The drive for diversity should not only occur in portfolio companies, however. Institutional investors also need to capture the benefits themselves. Our survey shows that many are trying to do so.

Some 62% of executives at investors said their organization was under some pressure to increase diversity, with 19% saying the pressure was felt “to a large extent.” The data also suggests that public asset owners are setting an example: public pension funds reported the most pressure to improve diversity, with sovereign wealth funds also saying they were under substantial pressure.

To see the impact, look at the data on Japan, where 55% of institutional investors reported a large amount of pressure for change, against 22% in the United States. Japan legislated to promote female advancement in the workplace in 2016. The Government Pension Investment Fund for Japan integrated this concept by adopting the MSCI Japan Empowering Women Index in 2017.
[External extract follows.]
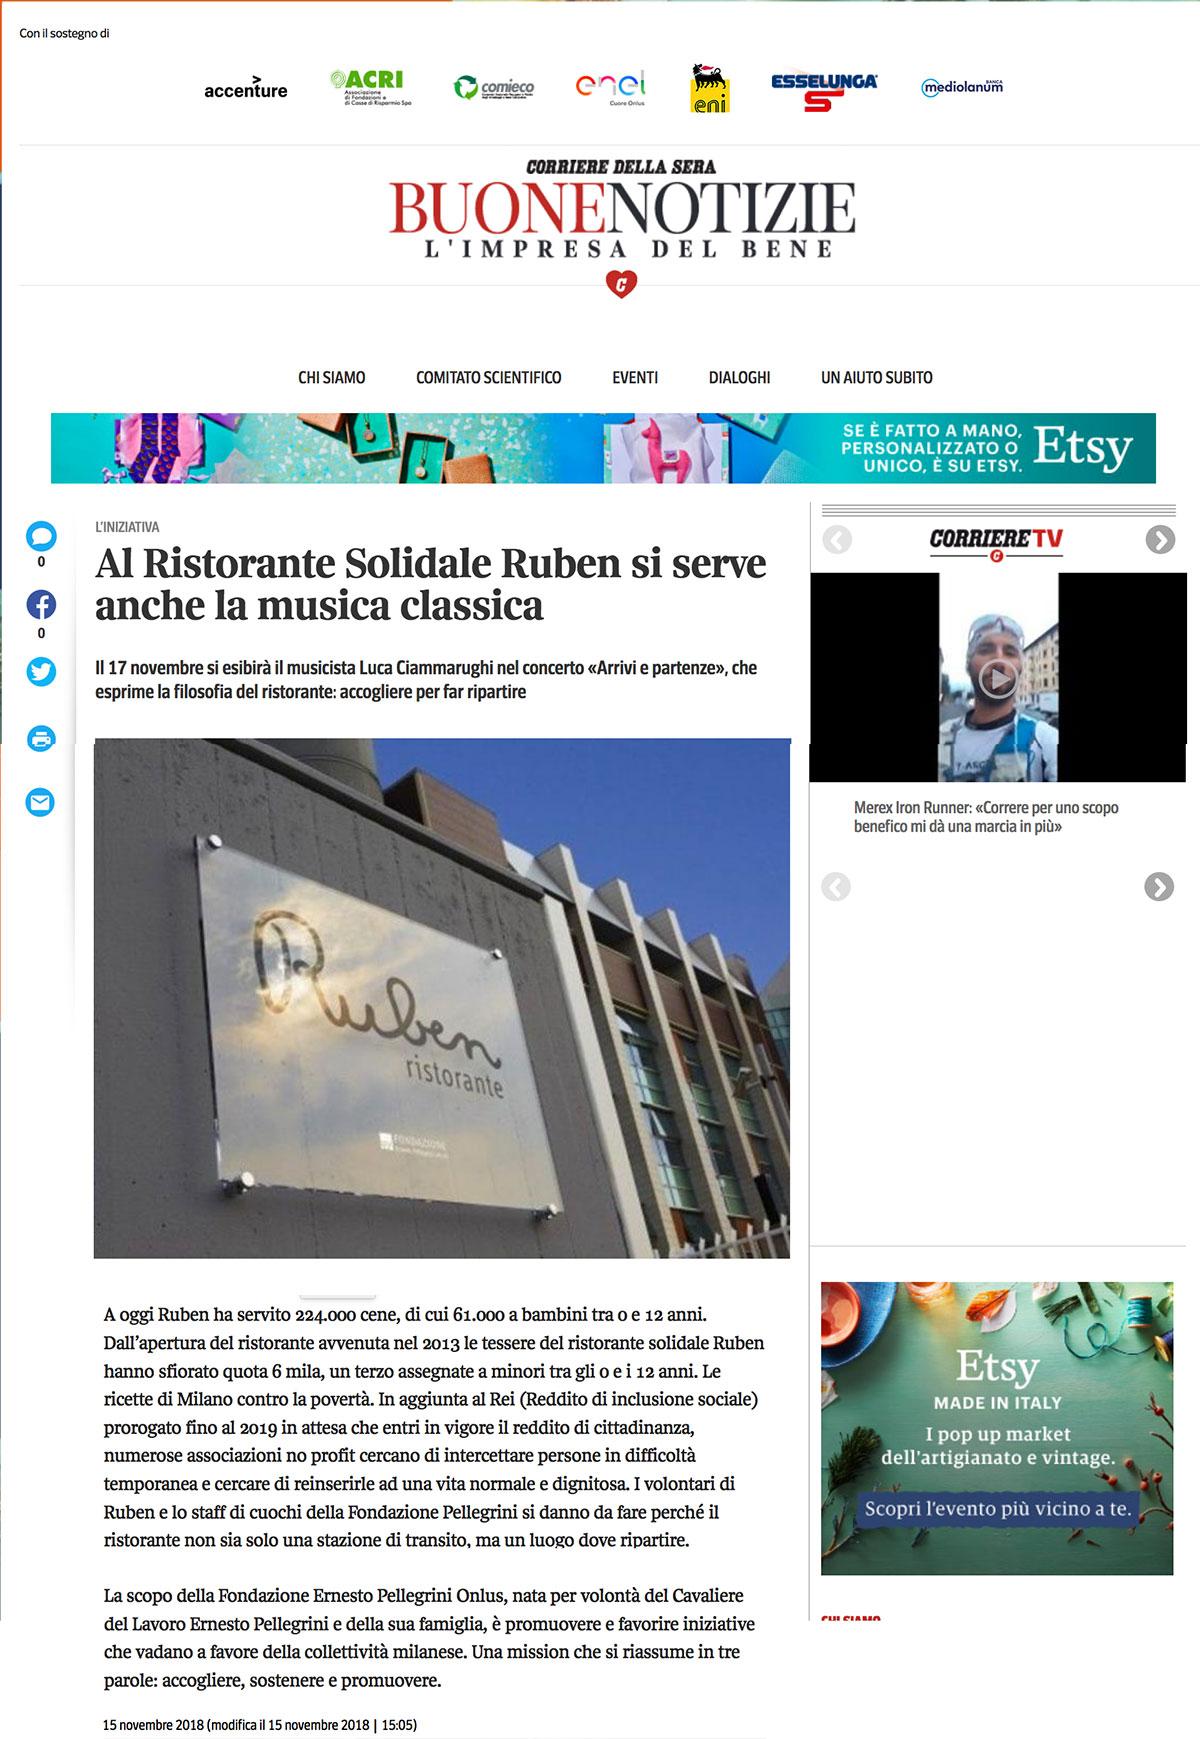 ClassicAperta: Corriere Buone notizie - Al Ristorante Solidale Ruben si serve anche musica classica
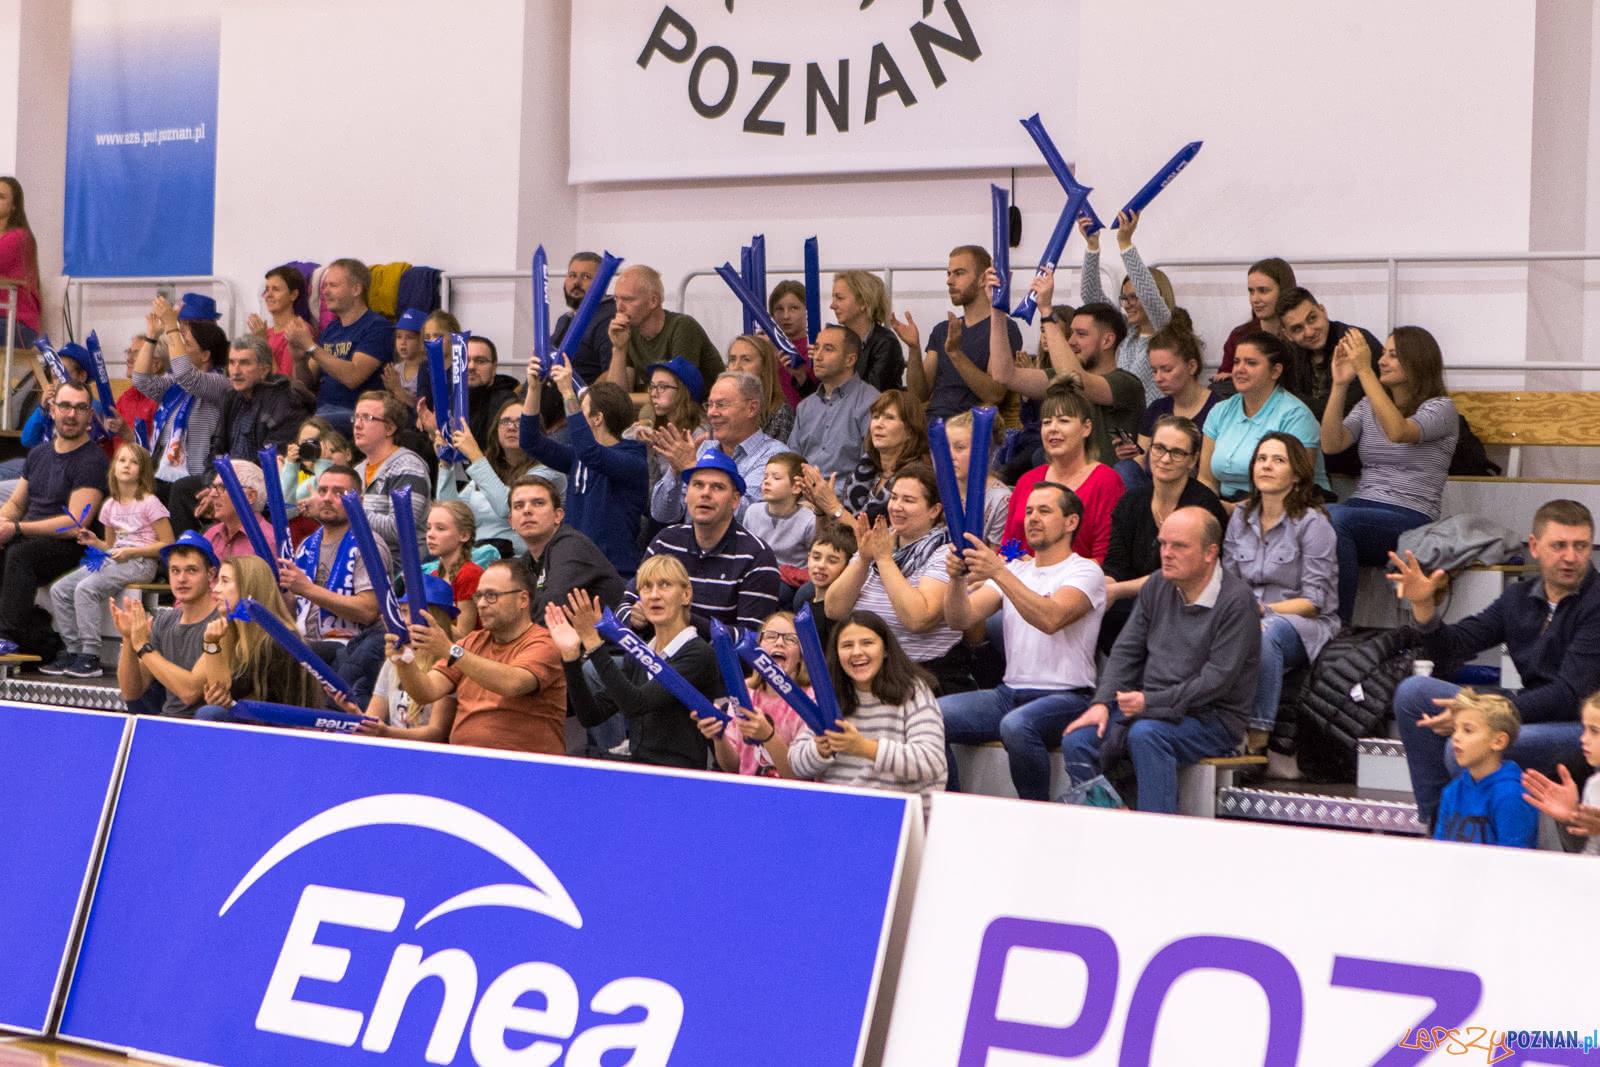 Enea AZS Poznań – Widzew Toruń 81:70 - Poznań 26.10.2018 r.  Foto: LepszyPOZNAN.pl / Paweł Rychter

Institutional investors are also catalyzing broader change. When investors look for outside managers, diversity is being increasingly baked-in to the RFP process, and investors want to see outcomes, not targets. This places real pressure throughout the investment industry.

The survey asked whether institutional investors felt under external pressure on diversity. But it is no longer necessary for the board, the HR department or other forces outside the investment function to nag; chief investment officers and other senior executives are recognizing the benefits. And they are not only setting policies and metrics; they are also looking for results.